Bericht schlägt Traumabewältigung als Präventivmaßnahme vor

Bei den meisten Verstößen gegen die Neutralität handelt es sich laut Bericht um „Beiträge in den sozialen Medien“, die häufig auf gewalttätige Zwischenfälle folgen, die Kollegen oder Verwandte betreffen. Eine Präventivmaßnahme könne darin bestehen, dass dem Personal die Möglichkeit gegeben werde, „diese traumatischen Vorfälle zu besprechen“, hieß es in dem Bericht, der in Zusammenarbeit mit drei nordischen Menschenrechtsorganisationen erstellt wurde.

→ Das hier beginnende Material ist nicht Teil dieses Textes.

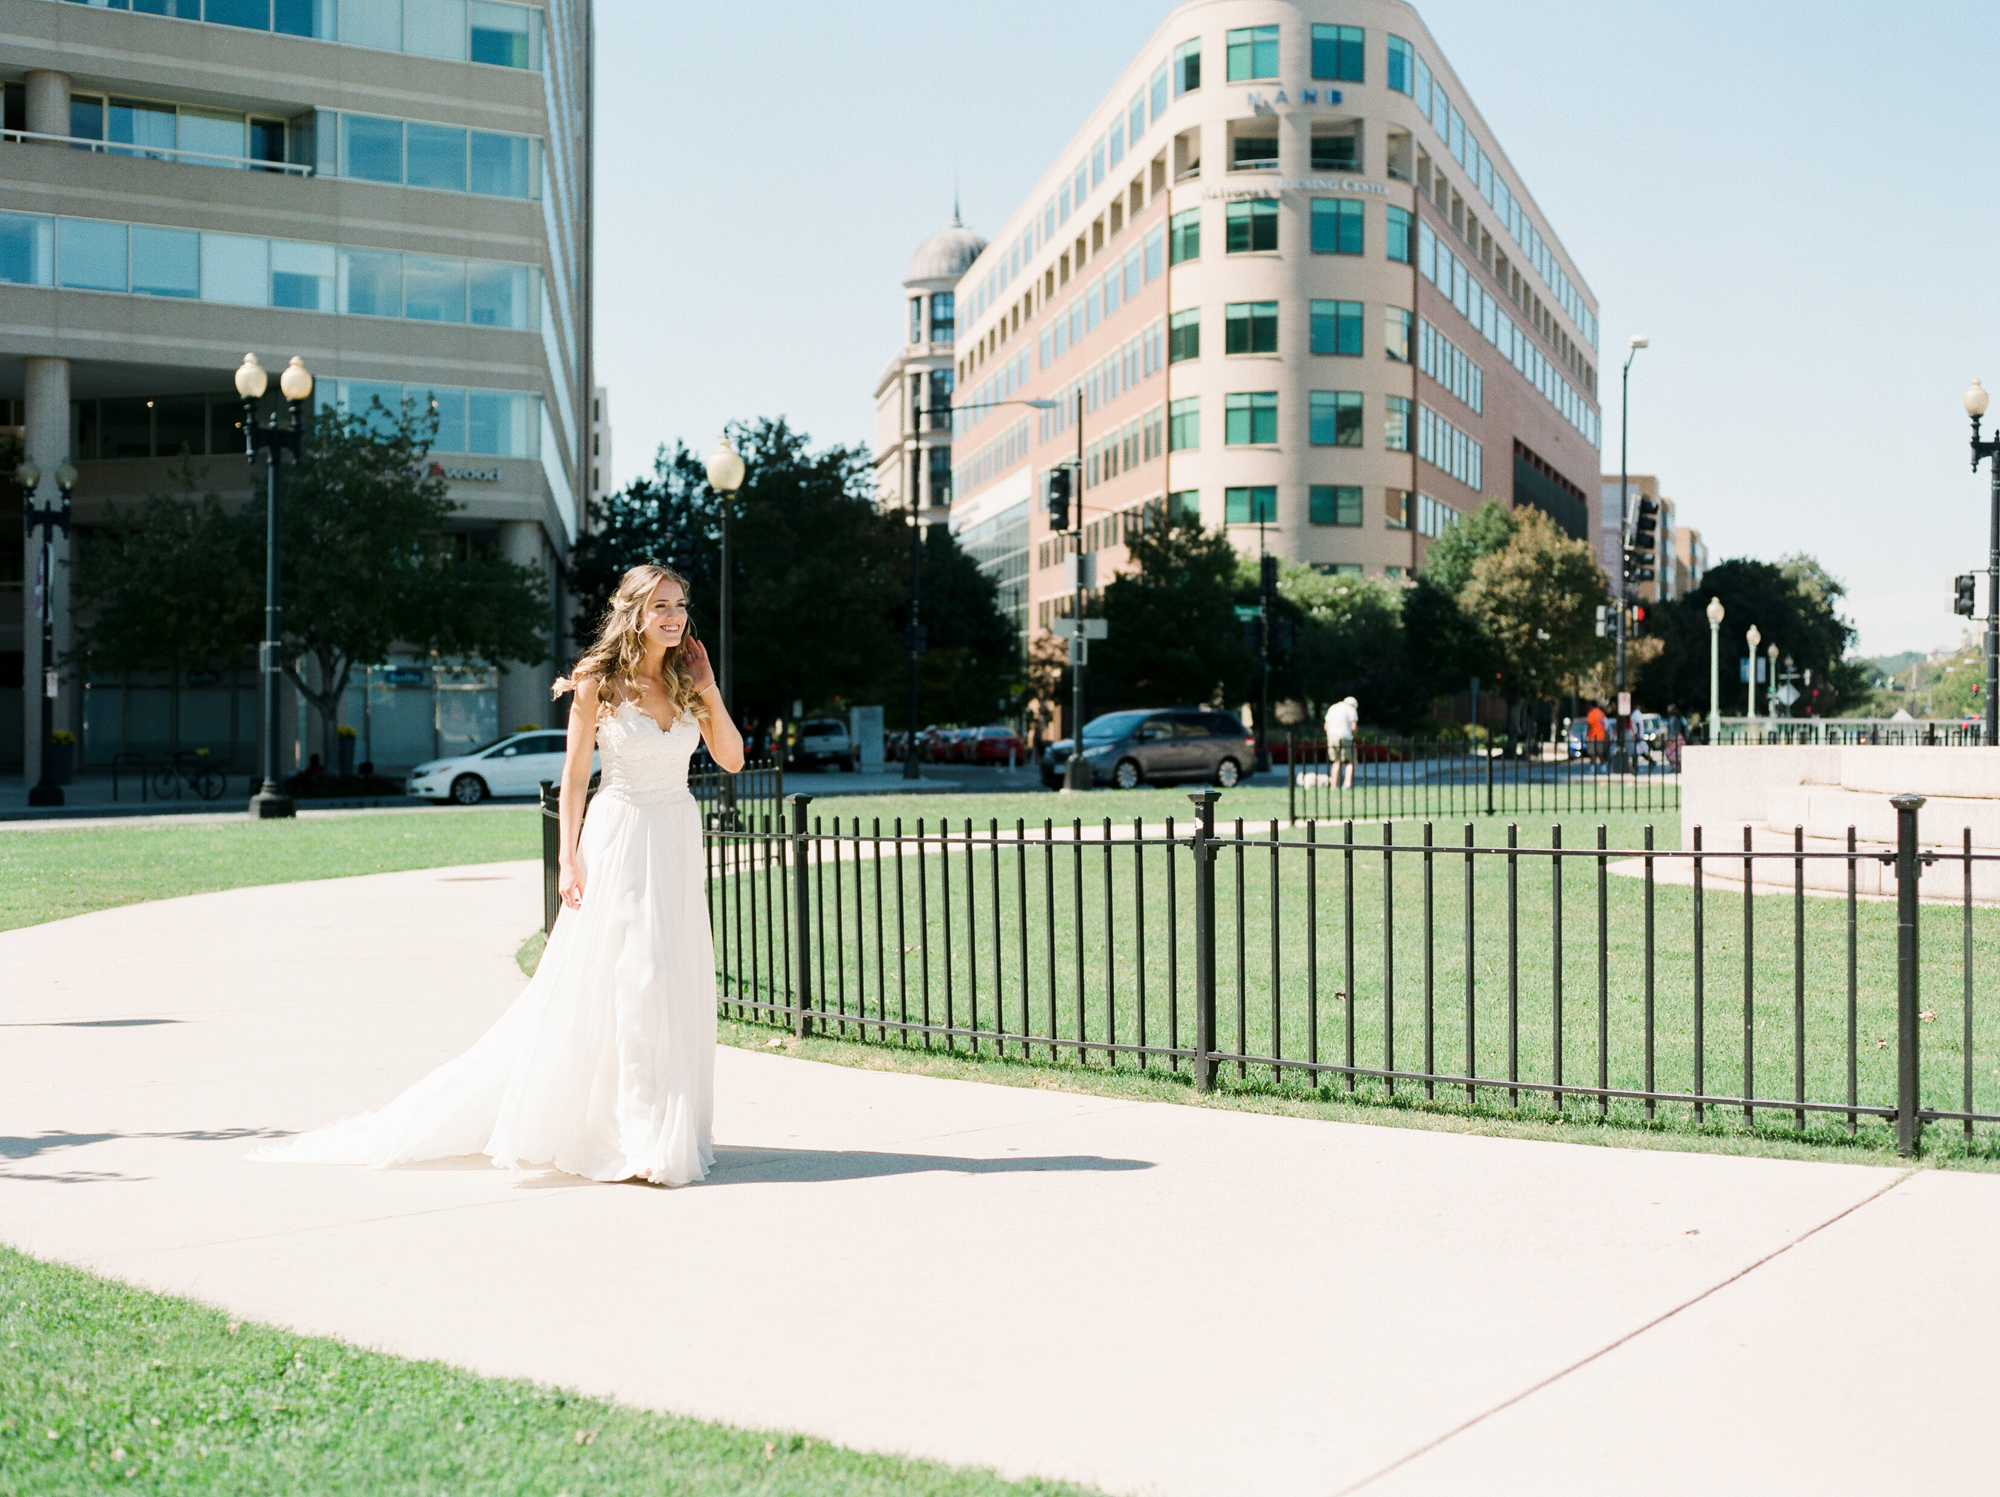 LongView-Gallery-Wedding-Art-Washington-DC-Film-Photographer-6.jpg
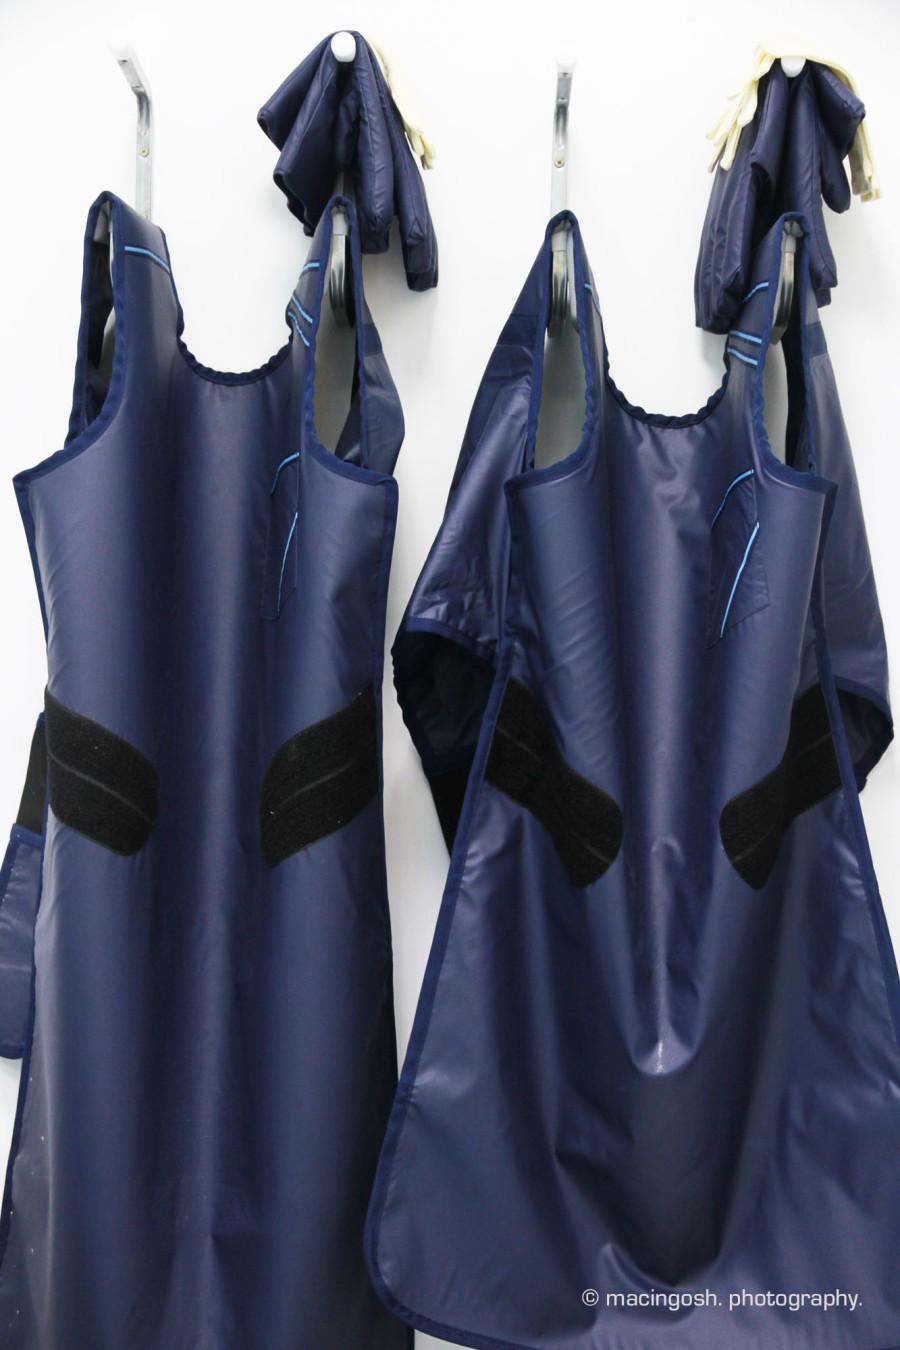 roentgenschutzkleidung, x-ray protection clothing, macingosh photography, munich

Das UNRWA bleibe allerdings „unersetzlich und unverzichtbar für die menschliche und wirtschaftliche Entwicklung der Palästinenser“, hieß es weiter.

Das UNRWA beschäftigt im Gazastreifen mehr als 30.000 Mitarbeiter. Das 1949 gegründete UN-Hilfswerk hat das Mandat der Vereinten Nationen, den in ihrem Einsatzgebiet registrierten palästinensischen Flüchtlingen humanitäre Hilfe und Schutz zu gewähren. Nach mehr als einem halben Jahr Krieg stehen die im abgeriegelten Gazastreifen lebenden 2,4 Millionen Palästinenser am Rande einer Hungersnot.